DSALT combines **local causal windows** (adaptive, growing with position) with **global landmark tokens** (top-k per head):

```
┌─ Local Attention ──────┬─ Global Landmarks ────┐
│ Recent N tokens        │ Top-K informative     │
│ (adaptive window)      │ (hybrid energy score) │
└───────────────────────┴──────────────────────┘
         ↓                         ↓
         └─────────────┬───────────┘
                       ↓
            Sparse Attention Output
```

### Key Components

1. **`DSALTAttention`**: Multi-head sparse attention module
   - Adaptive window size prediction per token
   - Landmark token selection (no gradient)
   - Sparse kernel computation (Triton or CPU fallback)
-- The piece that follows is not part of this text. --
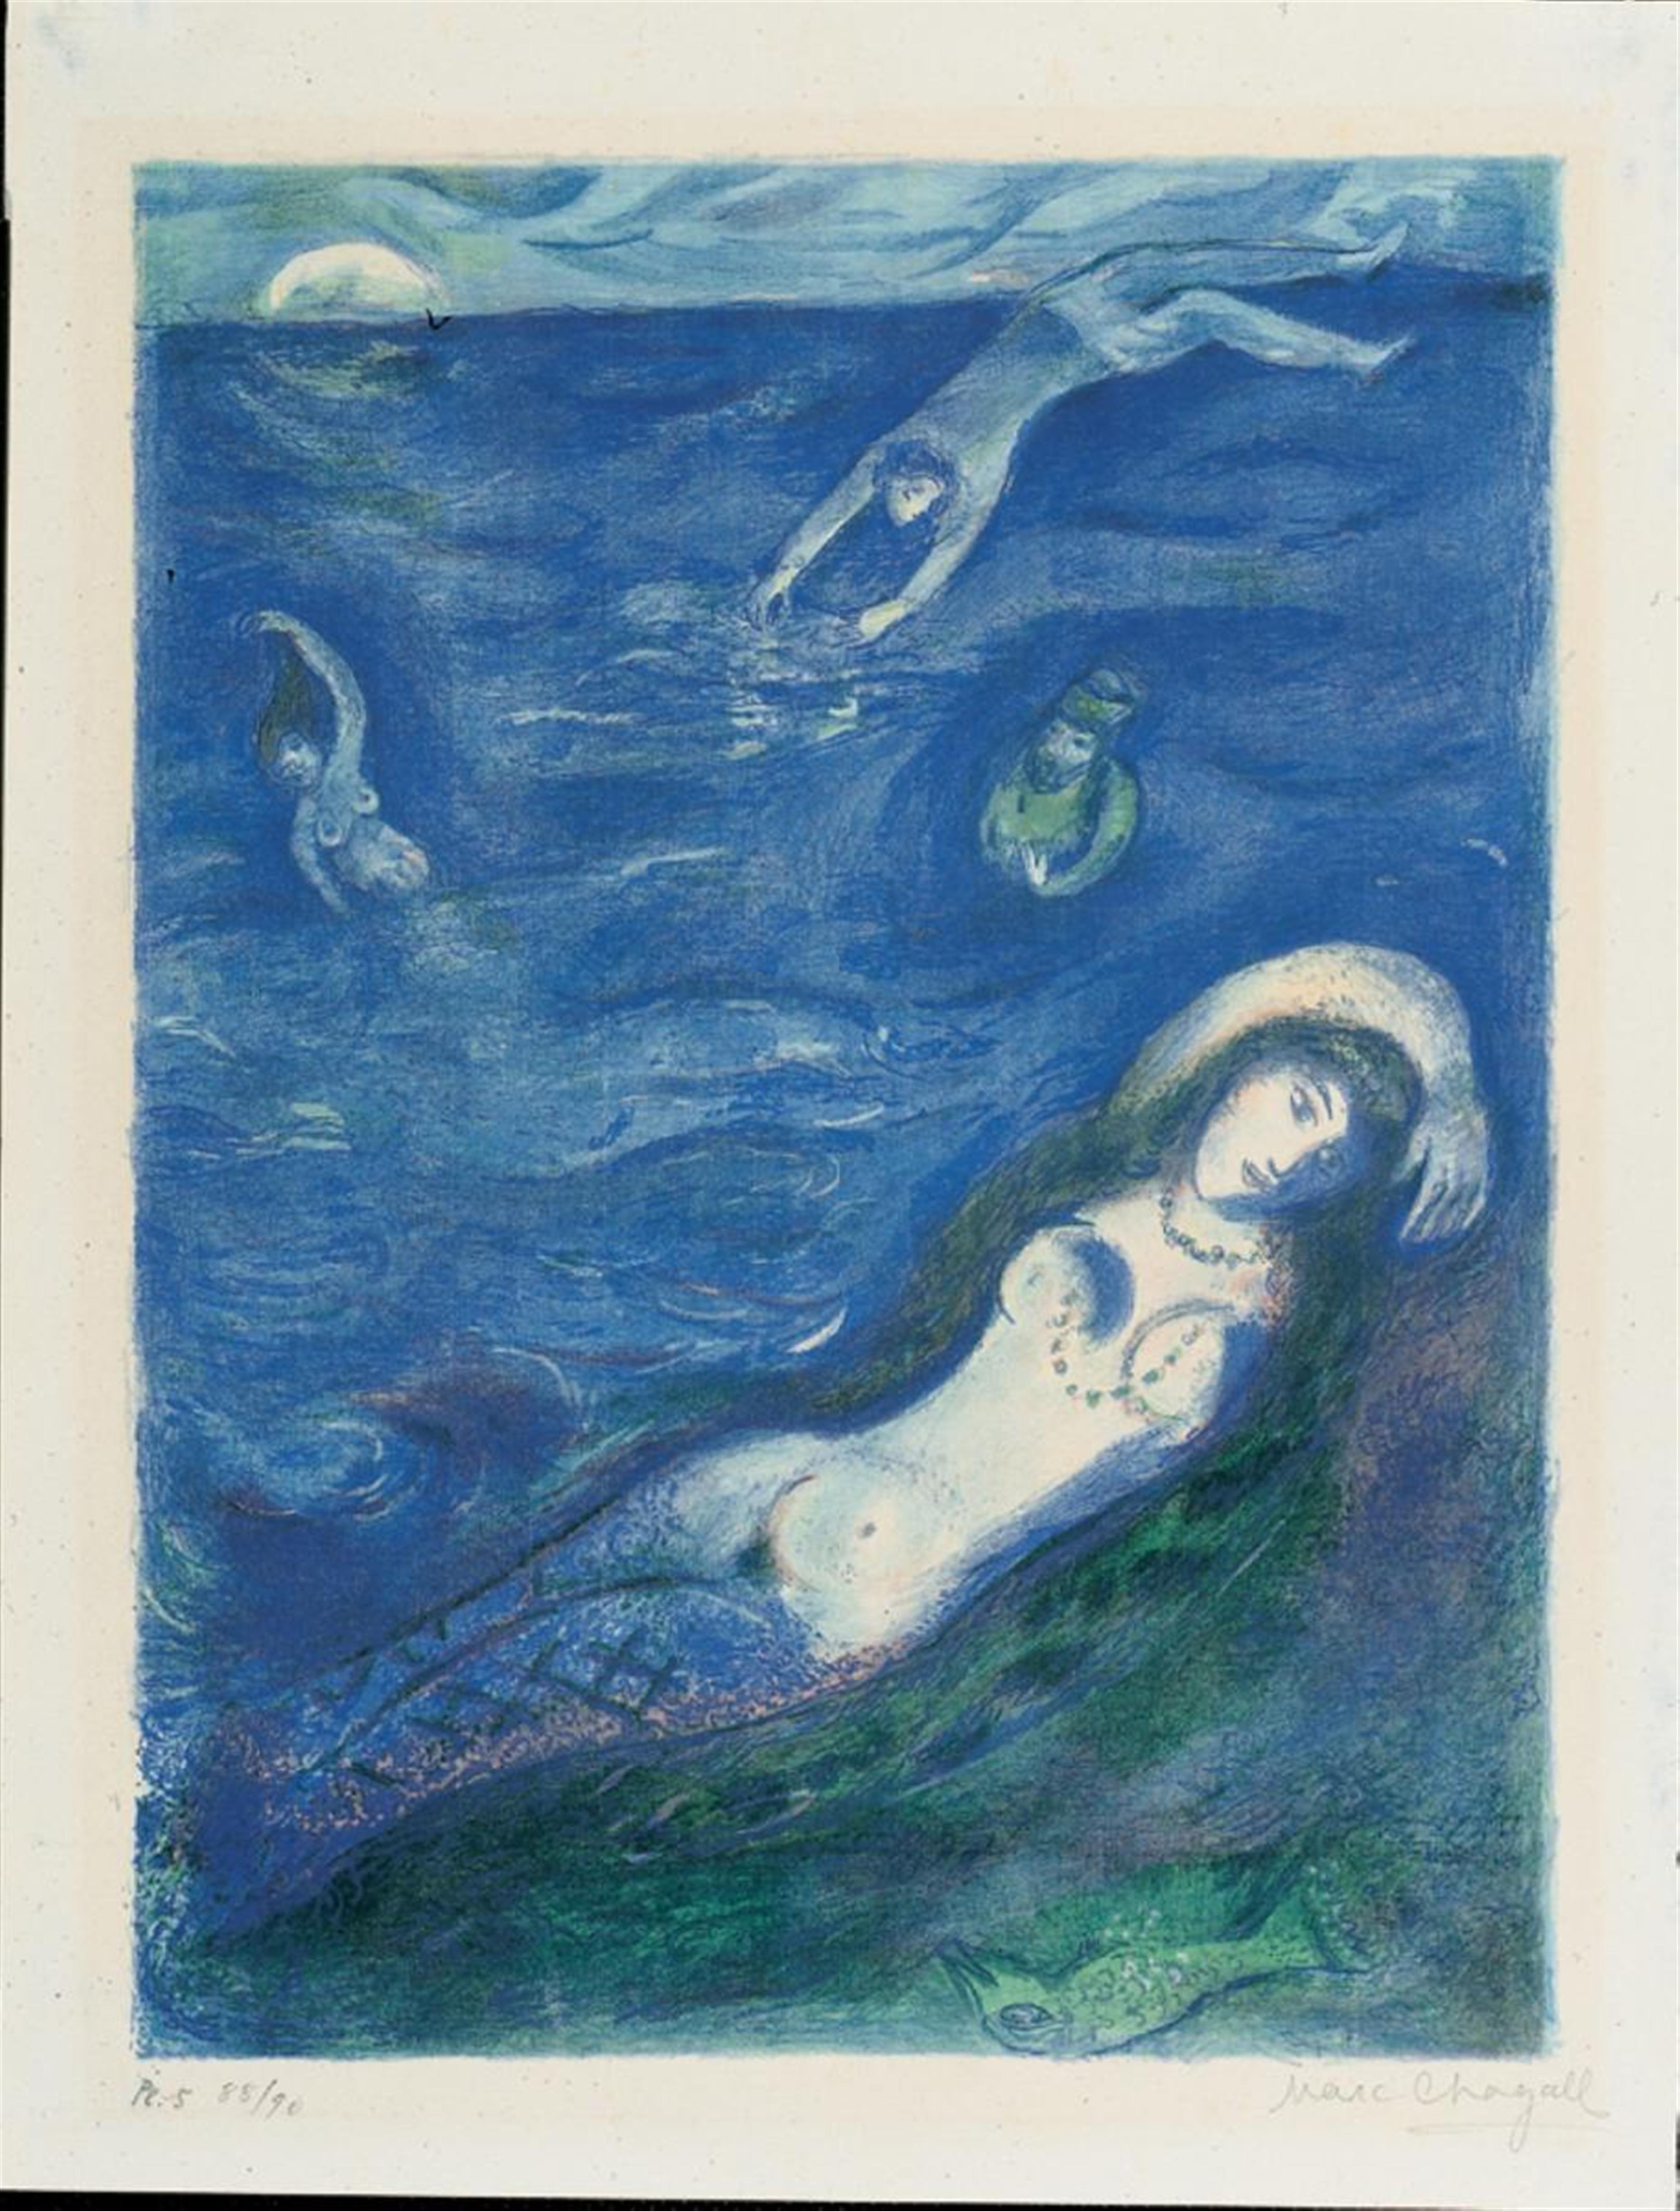 Marc Chagall - Four Tales from the Arabian Nights: Bildtafel 5 des Albums - image-1

2. **`WindowSizePredictor`**: Learned dynamic window module
   - Predicts continuous window sizes
   - Enables attention scope to adapt to token importance
   - Regularization: entropy loss on window decisions

3. **`HybridEnergyScorer`** (in kernels): Landmark selection
   - Computes energy scores per token (norm-based)
   - Z-score normalization
   - Top-k selection per head
   - Excludes tokens in local window (redundancy-aware)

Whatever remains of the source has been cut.